Ada peribahasa kuman di seberang pulau kelihatan, pesawat Air Bus di pelupuk mata tak nampak.
Mungkin itu peribahasa yang tepat untuk mencitrakan kita dan masyarakat, bagaimana tidak melihat kesalahan orang memang mudah namun mengoreksi kesalahan pribadi susahnya minta ampun.
Banyak orang bersua anti korupsi, si ini korupsi, si itu korupsi padahal dia belum bertanya pada dirinya sendiri "korupsikah aku?"

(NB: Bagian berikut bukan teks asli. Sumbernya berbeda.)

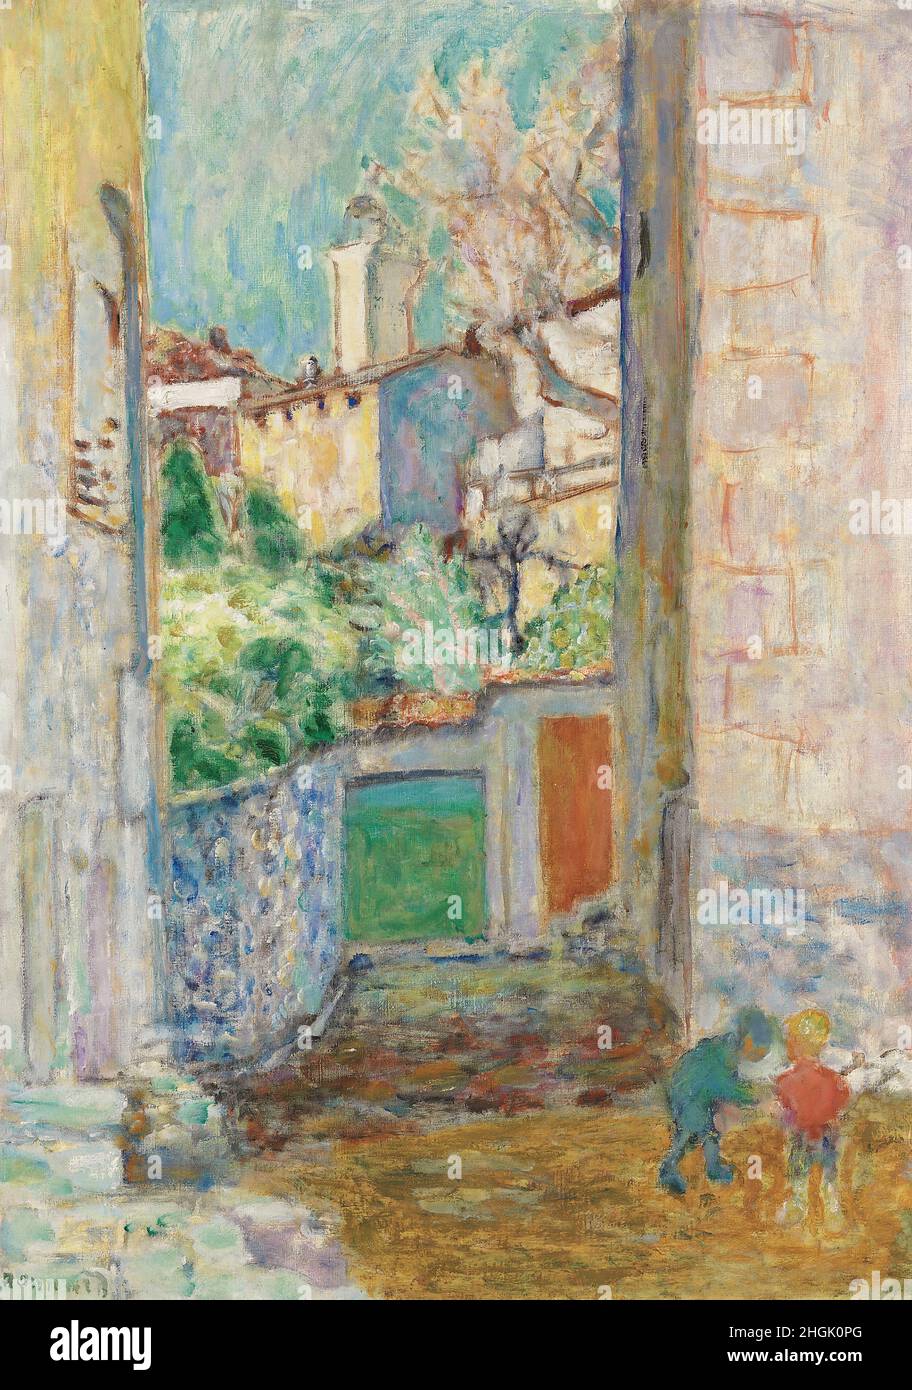 Bonnard Pierre - Collezione privata - Impasse ou la ruelle - le Cannet - 1925 - olio su tela 74 x 53 cm - Foto Stock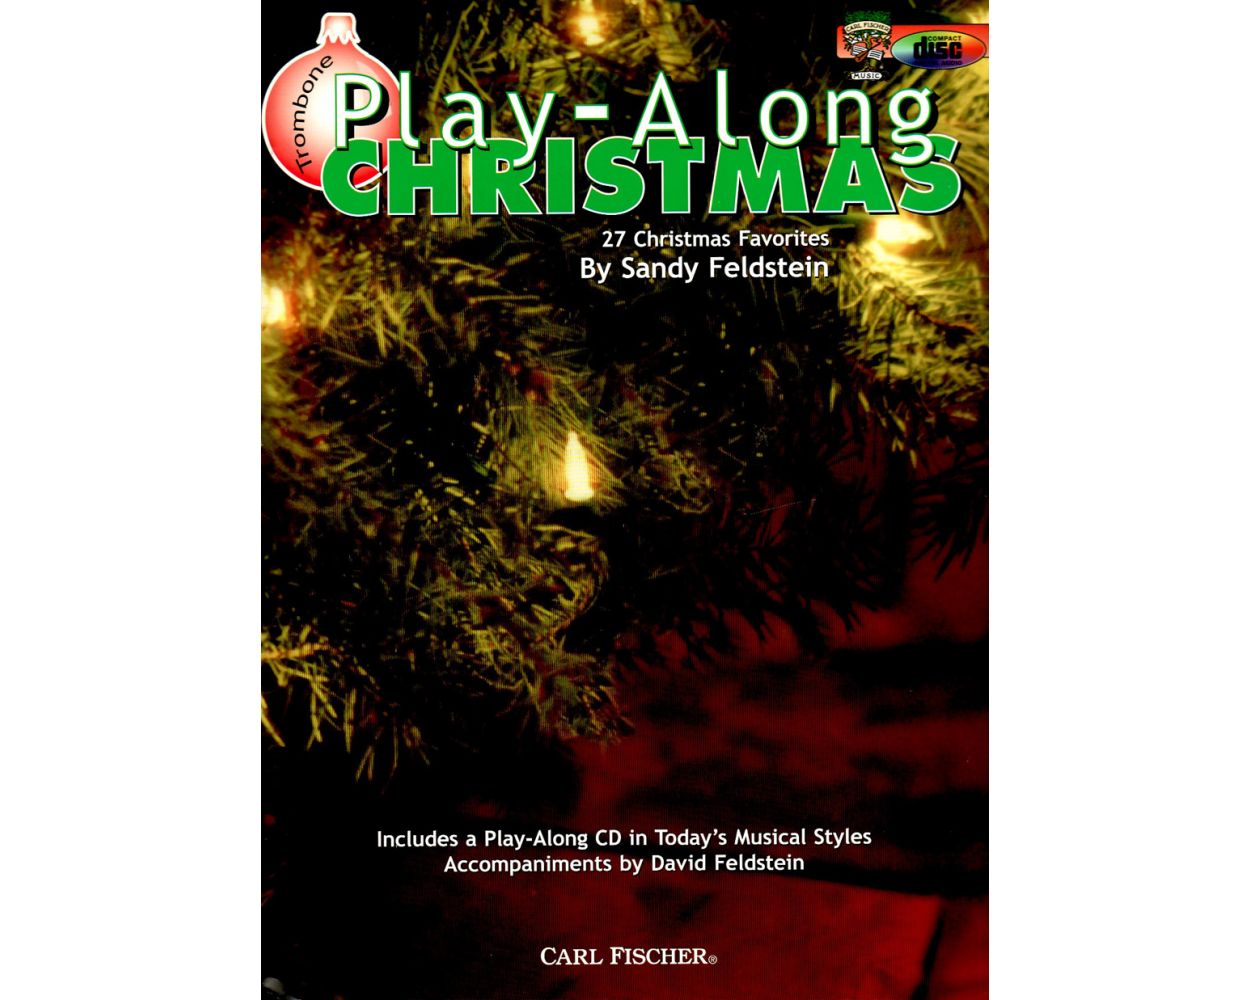 【輸入楽譜】プレイ・アロング・クリスマス - 珠玉のクリスマス曲27選/Feldstein編: CD付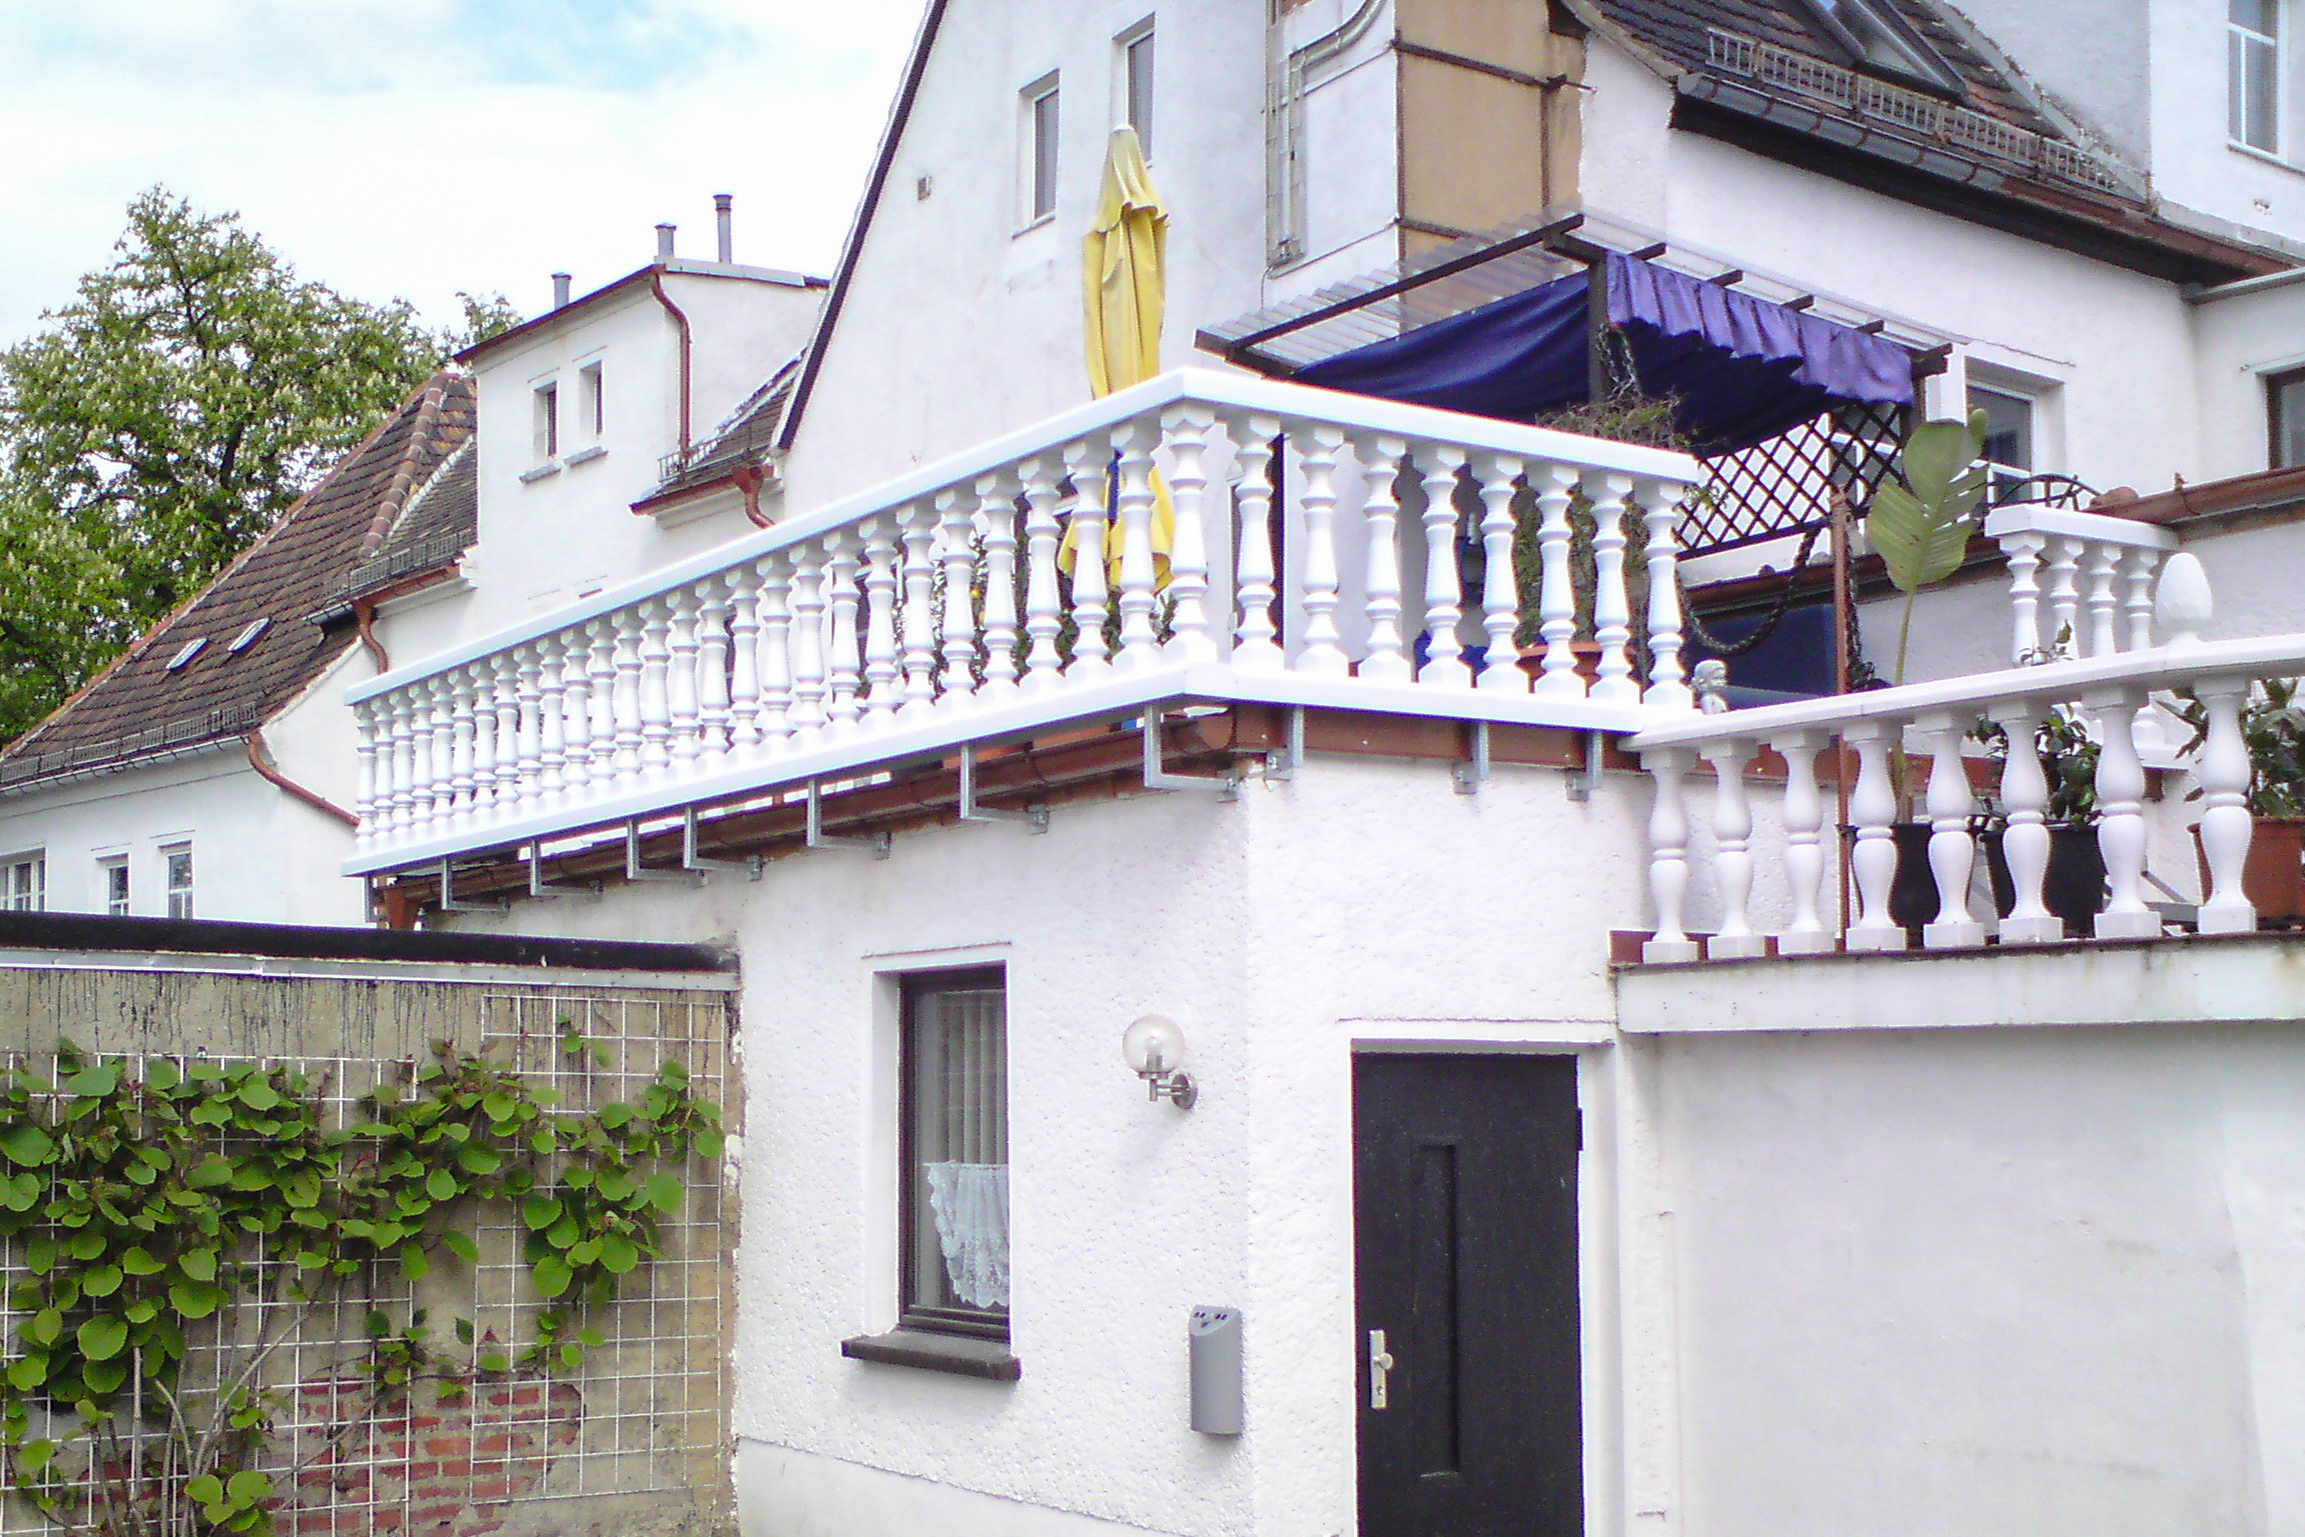 Balustrade aus PVC-Kunststoff in weiß als Terrasse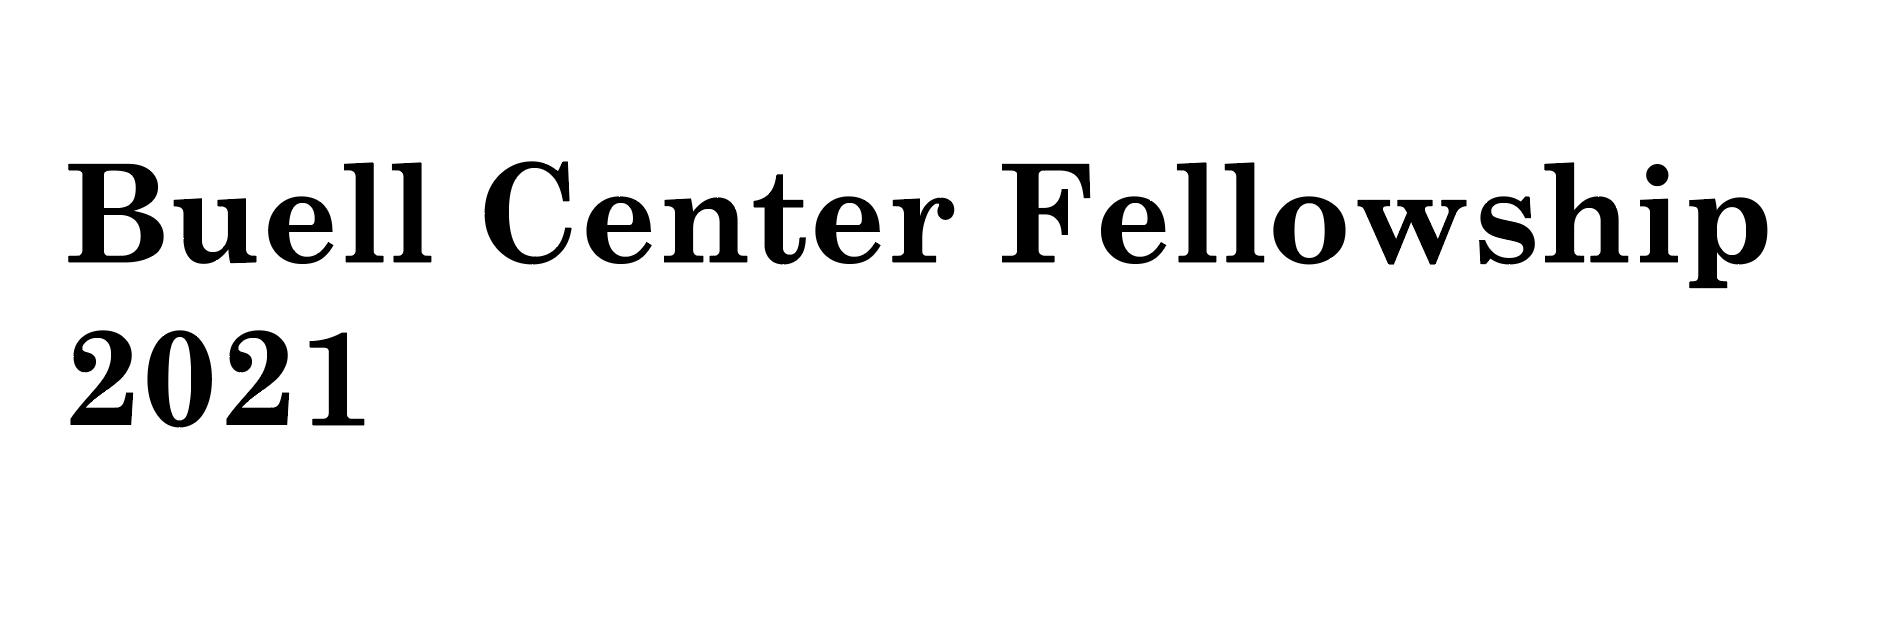 2021 Buell Center Fellowship

Korupsi sendiri janganlah selalu diartikan penyelewengan uang, korupsi sendiri bisa berarti luas. Misalnya saat anda berkendara lalu anda menyerobot traffic light, bukankah anda disitu sudah mengambil kesempatan pengendara jalur lain untuk menikmati haknya untuk terus berjalan? Disaat anda membuang sampah sembarangan, sadarkah anda bahwa anda sudah mengambil hak orang lain untuk menikmati lingkungan yang bebas sampah? lalu sewaktu anda bekerja dan pulang sebelum jam yang sudah ditentukan, bukankah itu anda juga sedang korupsi waktu? Masih banyak contoh-contoh kecil korupsi dalam keseharian kita, jadi sebelum anda berkata atau menuduh orang lain korupsi coba tanyakan terlebih dahulu kepada diri anda sendiri "korupsikah aku?"